+++ Input data +++

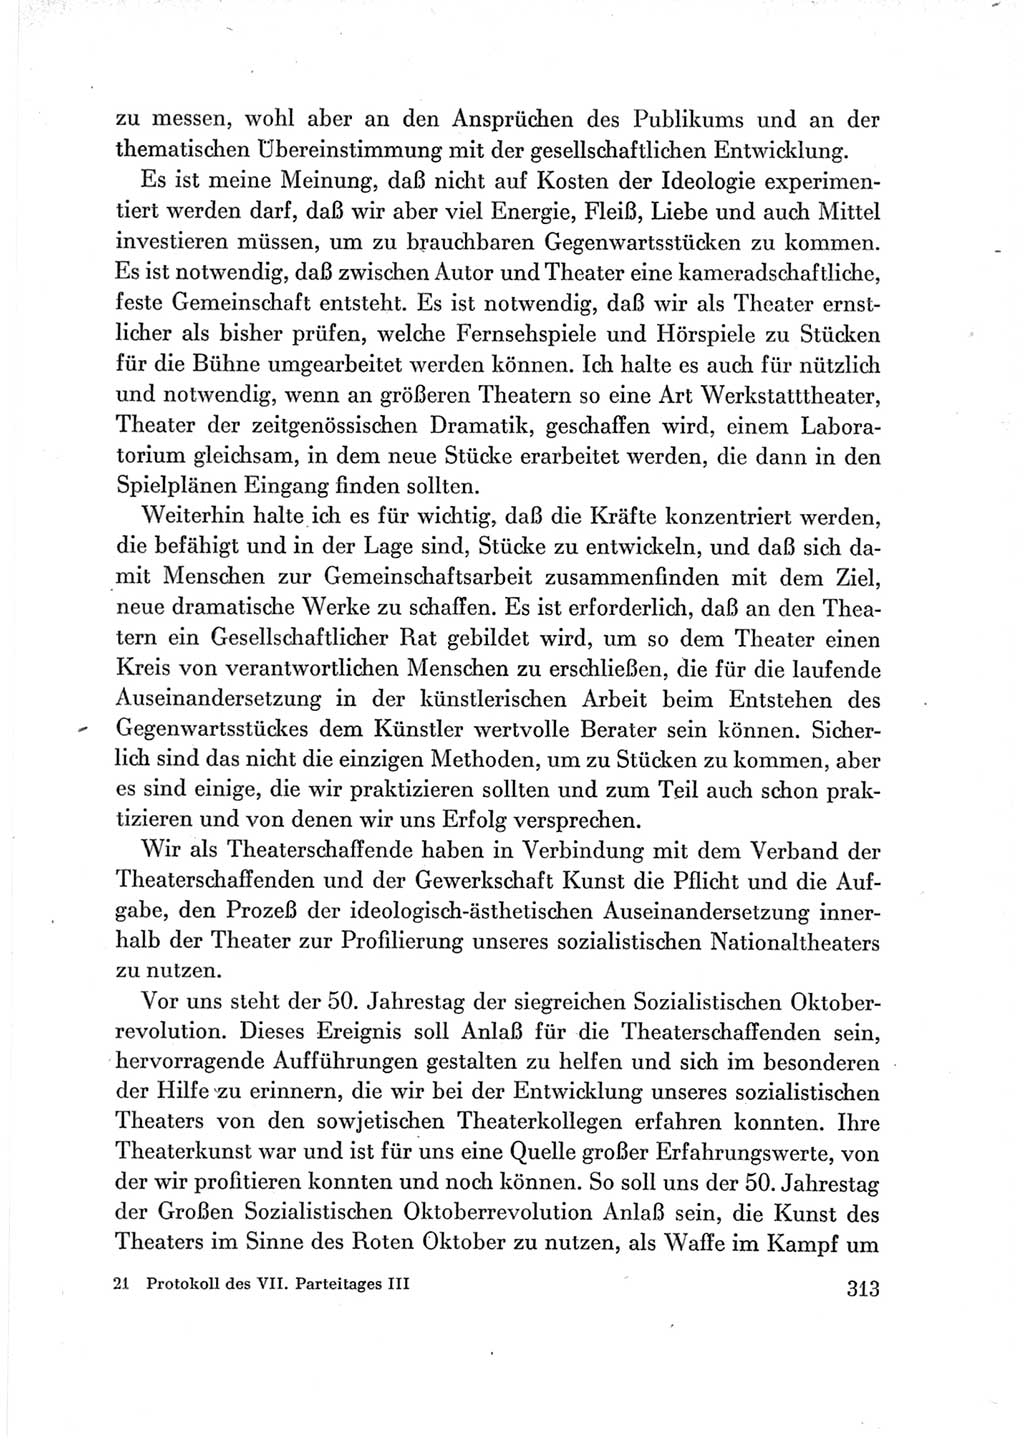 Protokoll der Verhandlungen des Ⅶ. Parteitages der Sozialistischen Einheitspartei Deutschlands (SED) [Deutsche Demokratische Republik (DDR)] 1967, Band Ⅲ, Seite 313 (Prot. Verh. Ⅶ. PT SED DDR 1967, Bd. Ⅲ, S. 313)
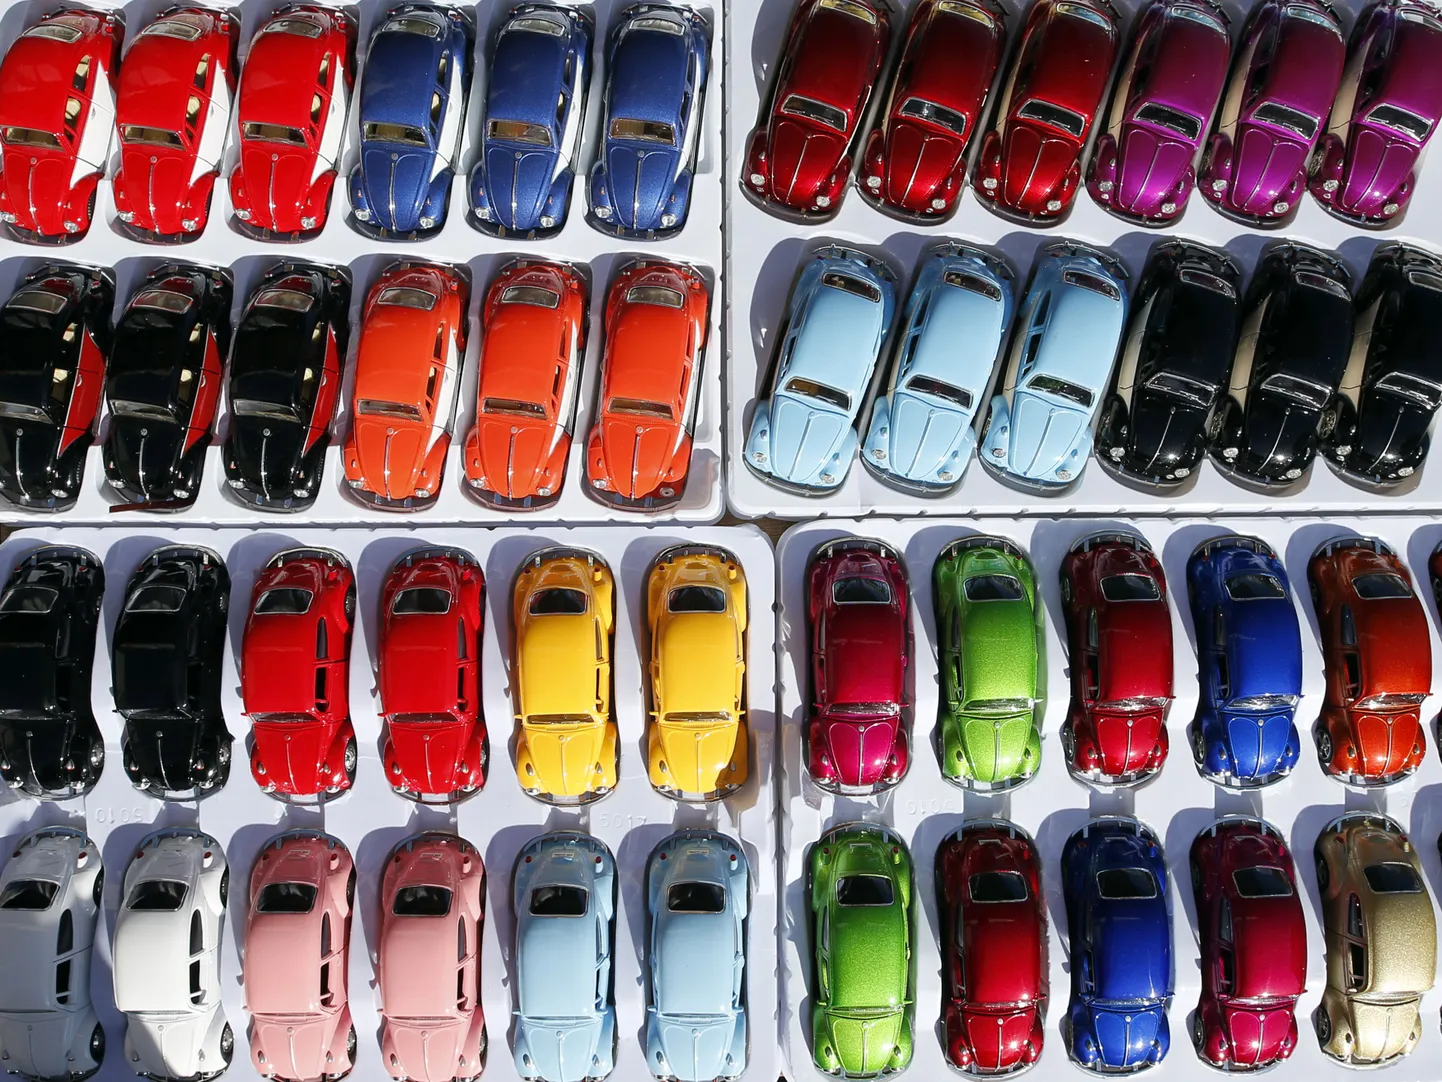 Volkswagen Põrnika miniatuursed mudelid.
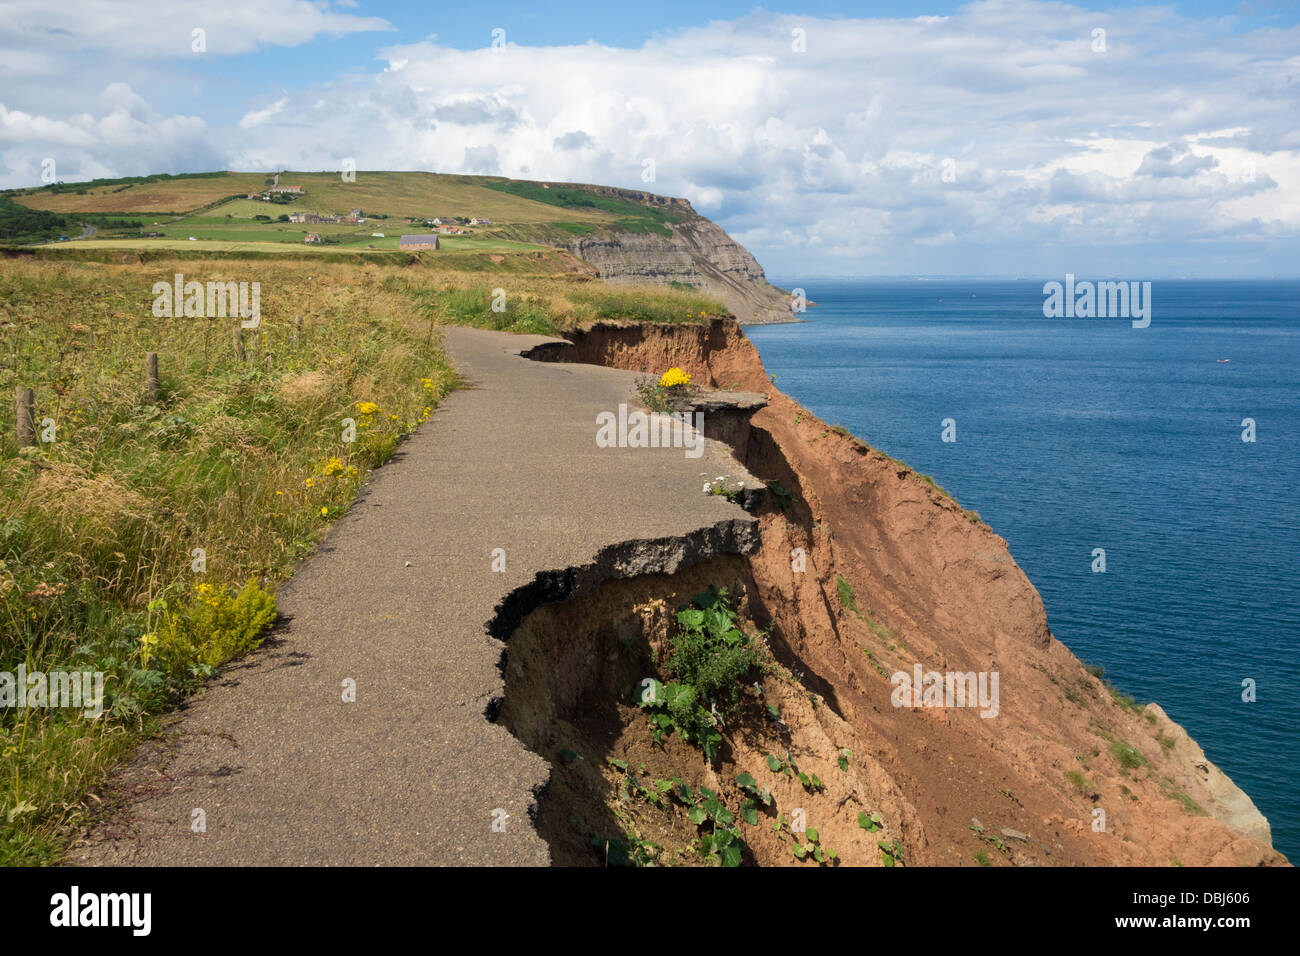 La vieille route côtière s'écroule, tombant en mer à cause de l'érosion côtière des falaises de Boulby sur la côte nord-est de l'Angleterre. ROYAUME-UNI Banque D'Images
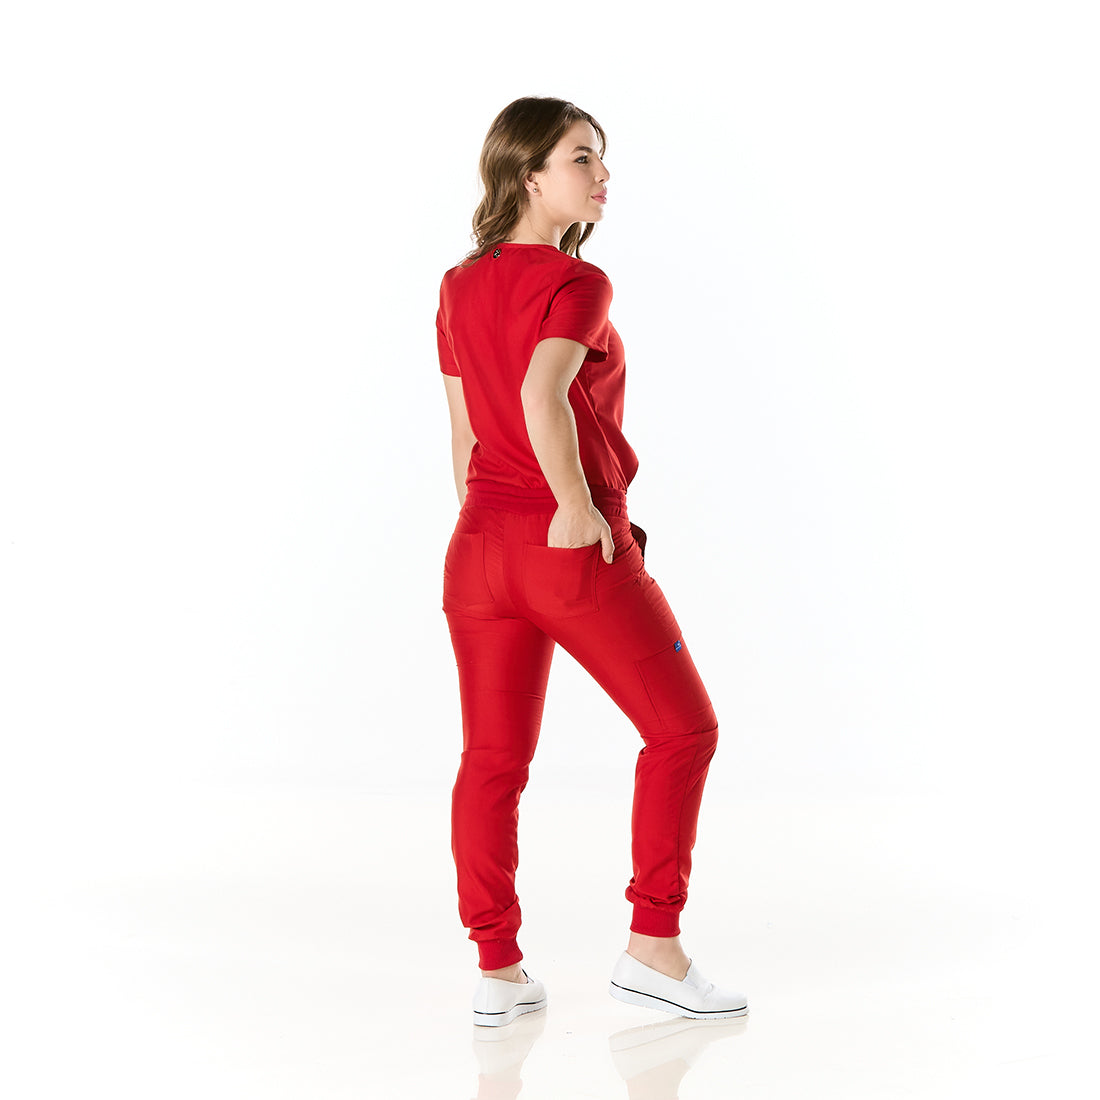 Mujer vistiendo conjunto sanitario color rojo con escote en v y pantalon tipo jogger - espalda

+++

▶ Instructions to follow: Once the line containing "La vieille route" has been found, write out exactly that line and each one after it through the end of the data, leaving out every picture.

▶ Result of this task:
 La vieille route côtière s'écroule, tombant en mer à cause de l'érosion côtière des falaises de Boulby sur la côte nord-est de l'Angleterre. ROYAUME-UNI Banque D'Images
 Mujer vistiendo conjunto sanitario color rojo con escote en v y pantalon tipo jogger - espalda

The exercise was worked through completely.